After
the death of IRA volunteer Keith Rodgers in South
Armagh two weeks ago his leadership issued a statement.
In it the claim was made that the dead volunteer had
been 'shot dead by an armed criminal
He was
unarmed at the time of his death. He was not on active
service
Keith died while defending his community
against armed criminals.'
According
to a report in the Observer Keith Rodgers was
part of a group 'armed with baseball bats and guns'
who intended 'to attack a number of men who were also
aligned to its South Armagh brigade.' This version
contrasted somewhat with the IRA's and had more in
common with the view of Patrick O'Callaghan, a brother
of one of the supposed 'armed criminals'. He claimed
the dead man was part of a masked and armed gang who
tried to kidnap his brother Kevin. The incident had
arisen out of a dispute over the purchase of land
on the southern side of the border and Patrick O'Callaghan
claimed to have been warned by the IRA that he would
be shot if he had anything to do with building houses
on the land. He also said Keith Rodgers was armed
and that he and the wounded man had been shot with
their own weapons.
Two
days after the shooting Brian Keenan speaking at the
graveside of Keith Rodgers denied that the dead volunteer
had been carrying a weapon and insisted the incident
was not related to a land dispute but had everything
to do with criminality by people masquerading as republicans.
Some
time after the funeral it was reported that mediators
were involved in negotiations between the IRA and
those with whom the organisation was in dispute. What
such mediation seems to have secured is a demonstration
of the power the IRA exercises over its neighbours.
In Mario Puzo's The Godfather, a recalcitrant
film producer was jolted out of his sleep by the blood
seeping from the severed head of his prize racehorse.

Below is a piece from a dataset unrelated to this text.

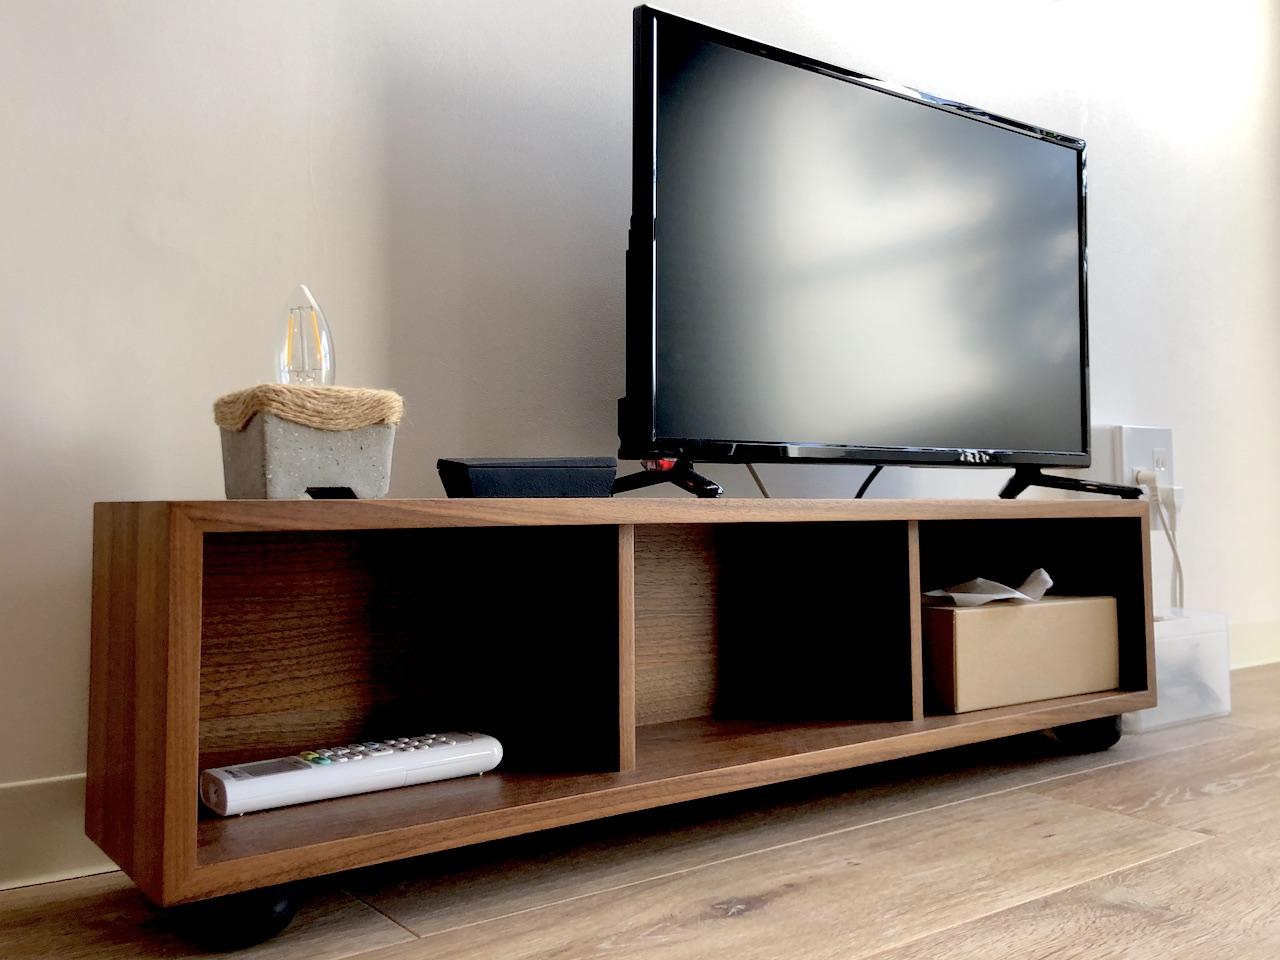 壁に付けられる家具をテレビ台にカスタマイズする簡単な方法

He relented and accepted the mafia offer he hated
but dared not refuse.
Earlier
this week Patrick O'Callaghan withdrew his original
comments:
I
am satisfied that the version of events which was
given to me was in fact untrue. I now fully accept
that the incident was not connected with the purchase
of land. My life has not been threatened by the
IRA over the purchase of the land. I accept that
this incident arose as a consequence of criminal
activity in the south Armagh area. I now know that
Keith Rodgers was unarmed. I also now know that
neither he nor the man injured were shot with their
own weapon or weapons.
By
virtually repeating Keenan's version of events O'Callaghan
- so at odds with what was initially his own - left
little room for doubt that he had witnessed the horse's
head. This would fit in to a broader pattern identified
by media reports which suggest the existence of a
republican regime of internal repression wielded against
those who do not see things as the IRA do. Republican
sources had allegedly confirmed that the IRA leadership
in the area had issued an edict that anyone who openly
criticises it should be beaten or shot. The victims
would then be branded as criminal.
Such
thirst for total control was manifest in the discourse
employed by the republican leader Brian Keenan at
the funeral of Keith Rodgers. There he fulminated
that 'there is no place in this community, or any
republican community, for degenerates who abuse and
contaminate the struggle
depraved degenerate
people - a band of vermin.'
Keenan's
language places him in the company of strange bedfellows.
At the march 1990 funeral of UDR man Thomas Jameson,
Willie McCrea labelled those IRA volunteers who killed
him 'bloodthirsty vermin.'
The
Sunday Times journalist Liam Clarke in a sensitive
but perceptive article suggested that Brian Keenan
should be charged under the North's hate legislation.
In his view the funeral eulogy made Keenan sound 'like
a Nazi'. Some may be inclined to dismiss Clarke's
depiction as being typical of 'the enemy press.' This
would be a woefully inaccurate characterisation.
In
his writings Bobby Sands protested the use of the
word 'vermin' which he had heard used over 100 times
during his six day interrogation by the RUC in the
autumn of 1976. He later found it was used more by
H-Block screws than anybody else. He felt it was linked
to a need to exercise superiority: 'it is a mentality
that makes it so easy for them to torture us or butcher
us when the opportunity arises. A mentality much the
same as those who maintained and organised the Nazi
concentration camps.'
Was
this what it was all about - power over the people?